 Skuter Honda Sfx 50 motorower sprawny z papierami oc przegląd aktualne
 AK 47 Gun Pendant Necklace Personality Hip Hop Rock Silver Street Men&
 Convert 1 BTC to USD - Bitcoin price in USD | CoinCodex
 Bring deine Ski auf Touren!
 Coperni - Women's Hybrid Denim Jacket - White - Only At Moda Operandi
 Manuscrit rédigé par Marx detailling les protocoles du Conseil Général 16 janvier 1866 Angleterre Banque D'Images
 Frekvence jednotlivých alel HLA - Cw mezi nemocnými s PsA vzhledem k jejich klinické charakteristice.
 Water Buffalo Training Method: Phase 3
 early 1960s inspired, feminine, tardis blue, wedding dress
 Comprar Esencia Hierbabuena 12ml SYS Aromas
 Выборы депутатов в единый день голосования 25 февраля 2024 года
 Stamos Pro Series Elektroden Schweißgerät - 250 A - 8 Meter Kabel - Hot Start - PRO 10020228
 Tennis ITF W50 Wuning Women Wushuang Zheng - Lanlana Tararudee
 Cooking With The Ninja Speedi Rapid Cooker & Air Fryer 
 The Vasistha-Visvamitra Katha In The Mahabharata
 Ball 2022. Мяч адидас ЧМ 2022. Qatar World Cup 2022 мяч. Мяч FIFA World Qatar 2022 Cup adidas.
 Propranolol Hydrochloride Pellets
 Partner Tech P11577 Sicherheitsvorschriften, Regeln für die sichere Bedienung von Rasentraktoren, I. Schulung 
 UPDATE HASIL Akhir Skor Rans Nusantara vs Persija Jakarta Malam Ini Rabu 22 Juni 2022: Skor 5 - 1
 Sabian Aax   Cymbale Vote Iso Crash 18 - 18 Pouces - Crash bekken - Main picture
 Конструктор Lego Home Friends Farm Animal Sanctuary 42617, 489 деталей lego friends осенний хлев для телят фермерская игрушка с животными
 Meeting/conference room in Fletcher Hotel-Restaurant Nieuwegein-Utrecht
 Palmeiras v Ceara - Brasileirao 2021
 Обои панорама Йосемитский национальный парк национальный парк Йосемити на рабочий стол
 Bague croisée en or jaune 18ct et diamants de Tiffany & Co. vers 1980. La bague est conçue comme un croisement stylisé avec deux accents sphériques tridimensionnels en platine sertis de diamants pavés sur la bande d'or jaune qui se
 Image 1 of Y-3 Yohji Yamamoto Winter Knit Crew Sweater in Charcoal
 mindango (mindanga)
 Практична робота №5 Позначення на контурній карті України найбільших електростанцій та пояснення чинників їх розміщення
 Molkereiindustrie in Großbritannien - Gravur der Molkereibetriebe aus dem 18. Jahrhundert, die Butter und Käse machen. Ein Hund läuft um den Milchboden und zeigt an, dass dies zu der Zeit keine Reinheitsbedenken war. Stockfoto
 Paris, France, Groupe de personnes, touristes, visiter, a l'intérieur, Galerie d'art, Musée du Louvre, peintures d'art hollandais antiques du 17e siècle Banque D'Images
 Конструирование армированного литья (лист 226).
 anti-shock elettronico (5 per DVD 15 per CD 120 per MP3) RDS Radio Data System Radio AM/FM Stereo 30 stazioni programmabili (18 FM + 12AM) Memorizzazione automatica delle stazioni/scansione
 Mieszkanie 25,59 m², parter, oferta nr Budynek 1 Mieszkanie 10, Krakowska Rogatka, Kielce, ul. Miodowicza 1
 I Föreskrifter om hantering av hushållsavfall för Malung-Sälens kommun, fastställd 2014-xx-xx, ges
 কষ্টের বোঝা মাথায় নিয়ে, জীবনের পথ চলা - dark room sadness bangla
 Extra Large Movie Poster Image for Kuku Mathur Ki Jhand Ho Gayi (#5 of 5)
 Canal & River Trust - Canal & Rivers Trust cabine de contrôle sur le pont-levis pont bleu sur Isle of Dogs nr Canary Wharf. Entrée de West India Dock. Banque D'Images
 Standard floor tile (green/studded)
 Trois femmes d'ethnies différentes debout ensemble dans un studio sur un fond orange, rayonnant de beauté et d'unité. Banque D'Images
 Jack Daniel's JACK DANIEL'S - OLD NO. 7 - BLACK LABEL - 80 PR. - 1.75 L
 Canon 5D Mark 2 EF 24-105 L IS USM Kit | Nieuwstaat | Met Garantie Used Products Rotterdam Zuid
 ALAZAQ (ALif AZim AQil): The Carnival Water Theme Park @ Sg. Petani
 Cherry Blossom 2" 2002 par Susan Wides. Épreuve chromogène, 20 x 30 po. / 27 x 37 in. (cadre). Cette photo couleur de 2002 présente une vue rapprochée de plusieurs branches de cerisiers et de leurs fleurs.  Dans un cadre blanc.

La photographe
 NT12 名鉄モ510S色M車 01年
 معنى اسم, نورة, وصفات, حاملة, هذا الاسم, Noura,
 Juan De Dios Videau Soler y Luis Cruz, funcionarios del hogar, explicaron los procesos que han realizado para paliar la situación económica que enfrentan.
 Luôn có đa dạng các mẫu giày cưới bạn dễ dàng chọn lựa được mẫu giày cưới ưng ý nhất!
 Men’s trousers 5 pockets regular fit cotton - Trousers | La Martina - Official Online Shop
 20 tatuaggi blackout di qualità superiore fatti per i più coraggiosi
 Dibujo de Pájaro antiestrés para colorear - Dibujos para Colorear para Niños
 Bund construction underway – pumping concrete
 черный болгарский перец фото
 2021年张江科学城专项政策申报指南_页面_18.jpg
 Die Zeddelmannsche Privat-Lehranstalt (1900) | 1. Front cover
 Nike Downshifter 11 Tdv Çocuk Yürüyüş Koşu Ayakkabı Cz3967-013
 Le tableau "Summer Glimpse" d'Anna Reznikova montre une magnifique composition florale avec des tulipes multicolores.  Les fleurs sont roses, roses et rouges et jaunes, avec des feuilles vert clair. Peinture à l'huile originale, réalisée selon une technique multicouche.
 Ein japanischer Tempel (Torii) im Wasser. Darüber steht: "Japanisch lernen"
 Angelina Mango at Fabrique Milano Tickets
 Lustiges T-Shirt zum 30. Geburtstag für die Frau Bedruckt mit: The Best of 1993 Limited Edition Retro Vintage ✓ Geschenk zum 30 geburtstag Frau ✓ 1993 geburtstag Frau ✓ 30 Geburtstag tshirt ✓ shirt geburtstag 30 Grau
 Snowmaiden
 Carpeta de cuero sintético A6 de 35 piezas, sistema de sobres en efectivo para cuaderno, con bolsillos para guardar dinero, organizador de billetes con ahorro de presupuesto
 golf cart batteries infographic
__________
What to produce: Every entry, from the first line to the last, should be retyped exactly.

Solution to the problem:
 Skuter Honda Sfx 50 motorower sprawny z papierami oc przegląd aktualne
 AK 47 Gun Pendant Necklace Personality Hip Hop Rock Silver Street Men&
 Convert 1 BTC to USD - Bitcoin price in USD | CoinCodex
 Bring deine Ski auf Touren!
 Coperni - Women's Hybrid Denim Jacket - White - Only At Moda Operandi
 Manuscrit rédigé par Marx detailling les protocoles du Conseil Général 16 janvier 1866 Angleterre Banque D'Images
 Frekvence jednotlivých alel HLA - Cw mezi nemocnými s PsA vzhledem k jejich klinické charakteristice.
 Water Buffalo Training Method: Phase 3
 early 1960s inspired, feminine, tardis blue, wedding dress
 Comprar Esencia Hierbabuena 12ml SYS Aromas
 Выборы депутатов в единый день голосования 25 февраля 2024 года
 Stamos Pro Series Elektroden Schweißgerät - 250 A - 8 Meter Kabel - Hot Start - PRO 10020228
 Tennis ITF W50 Wuning Women Wushuang Zheng - Lanlana Tararudee
 Cooking With The Ninja Speedi Rapid Cooker & Air Fryer 
 The Vasistha-Visvamitra Katha In The Mahabharata
 Ball 2022. Мяч адидас ЧМ 2022. Qatar World Cup 2022 мяч. Мяч FIFA World Qatar 2022 Cup adidas.
 Propranolol Hydrochloride Pellets
 Partner Tech P11577 Sicherheitsvorschriften, Regeln für die sichere Bedienung von Rasentraktoren, I. Schulung 
 UPDATE HASIL Akhir Skor Rans Nusantara vs Persija Jakarta Malam Ini Rabu 22 Juni 2022: Skor 5 - 1
 Sabian Aax   Cymbale Vote Iso Crash 18 - 18 Pouces - Crash bekken - Main picture
 Конструктор Lego Home Friends Farm Animal Sanctuary 42617, 489 деталей lego friends осенний хлев для телят фермерская игрушка с животными
 Meeting/conference room in Fletcher Hotel-Restaurant Nieuwegein-Utrecht
 Palmeiras v Ceara - Brasileirao 2021
 Обои панорама Йосемитский национальный парк национальный парк Йосемити на рабочий стол
 Bague croisée en or jaune 18ct et diamants de Tiffany & Co. vers 1980. La bague est conçue comme un croisement stylisé avec deux accents sphériques tridimensionnels en platine sertis de diamants pavés sur la bande d'or jaune qui se
 Image 1 of Y-3 Yohji Yamamoto Winter Knit Crew Sweater in Charcoal
 mindango (mindanga)
 Практична робота №5 Позначення на контурній карті України найбільших електростанцій та пояснення чинників їх розміщення
 Molkereiindustrie in Großbritannien - Gravur der Molkereibetriebe aus dem 18. Jahrhundert, die Butter und Käse machen. Ein Hund läuft um den Milchboden und zeigt an, dass dies zu der Zeit keine Reinheitsbedenken war. Stockfoto
 Paris, France, Groupe de personnes, touristes, visiter, a l'intérieur, Galerie d'art, Musée du Louvre, peintures d'art hollandais antiques du 17e siècle Banque D'Images
 Конструирование армированного литья (лист 226).
 anti-shock elettronico (5 per DVD 15 per CD 120 per MP3) RDS Radio Data System Radio AM/FM Stereo 30 stazioni programmabili (18 FM + 12AM) Memorizzazione automatica delle stazioni/scansione
 Mieszkanie 25,59 m², parter, oferta nr Budynek 1 Mieszkanie 10, Krakowska Rogatka, Kielce, ul. Miodowicza 1
 I Föreskrifter om hantering av hushållsavfall för Malung-Sälens kommun, fastställd 2014-xx-xx, ges
 কষ্টের বোঝা মাথায় নিয়ে, জীবনের পথ চলা - dark room sadness bangla
 Extra Large Movie Poster Image for Kuku Mathur Ki Jhand Ho Gayi (#5 of 5)
 Canal & River Trust - Canal & Rivers Trust cabine de contrôle sur le pont-levis pont bleu sur Isle of Dogs nr Canary Wharf. Entrée de West India Dock. Banque D'Images
 Standard floor tile (green/studded)
 Trois femmes d'ethnies différentes debout ensemble dans un studio sur un fond orange, rayonnant de beauté et d'unité. Banque D'Images
 Jack Daniel's JACK DANIEL'S - OLD NO. 7 - BLACK LABEL - 80 PR. - 1.75 L
 Canon 5D Mark 2 EF 24-105 L IS USM Kit | Nieuwstaat | Met Garantie Used Products Rotterdam Zuid
 ALAZAQ (ALif AZim AQil): The Carnival Water Theme Park @ Sg. Petani
 Cherry Blossom 2" 2002 par Susan Wides. Épreuve chromogène, 20 x 30 po. / 27 x 37 in. (cadre). Cette photo couleur de 2002 présente une vue rapprochée de plusieurs branches de cerisiers et de leurs fleurs.  Dans un cadre blanc.

La photographe
 NT12 名鉄モ510S色M車 01年
 معنى اسم, نورة, وصفات, حاملة, هذا الاسم, Noura,
 Juan De Dios Videau Soler y Luis Cruz, funcionarios del hogar, explicaron los procesos que han realizado para paliar la situación económica que enfrentan.
 Luôn có đa dạng các mẫu giày cưới bạn dễ dàng chọn lựa được mẫu giày cưới ưng ý nhất!
 Men’s trousers 5 pockets regular fit cotton - Trousers | La Martina - Official Online Shop
 20 tatuaggi blackout di qualità superiore fatti per i più coraggiosi
 Dibujo de Pájaro antiestrés para colorear - Dibujos para Colorear para Niños
 Bund construction underway – pumping concrete
 черный болгарский перец фото
 2021年张江科学城专项政策申报指南_页面_18.jpg
 Die Zeddelmannsche Privat-Lehranstalt (1900) | 1. Front cover
 Nike Downshifter 11 Tdv Çocuk Yürüyüş Koşu Ayakkabı Cz3967-013
 Le tableau "Summer Glimpse" d'Anna Reznikova montre une magnifique composition florale avec des tulipes multicolores.  Les fleurs sont roses, roses et rouges et jaunes, avec des feuilles vert clair. Peinture à l'huile originale, réalisée selon une technique multicouche.
 Ein japanischer Tempel (Torii) im Wasser. Darüber steht: "Japanisch lernen"
 Angelina Mango at Fabrique Milano Tickets
 Lustiges T-Shirt zum 30. Geburtstag für die Frau Bedruckt mit: The Best of 1993 Limited Edition Retro Vintage ✓ Geschenk zum 30 geburtstag Frau ✓ 1993 geburtstag Frau ✓ 30 Geburtstag tshirt ✓ shirt geburtstag 30 Grau
 Snowmaiden
 Carpeta de cuero sintético A6 de 35 piezas, sistema de sobres en efectivo para cuaderno, con bolsillos para guardar dinero, organizador de billetes con ahorro de presupuesto
 golf cart batteries infographic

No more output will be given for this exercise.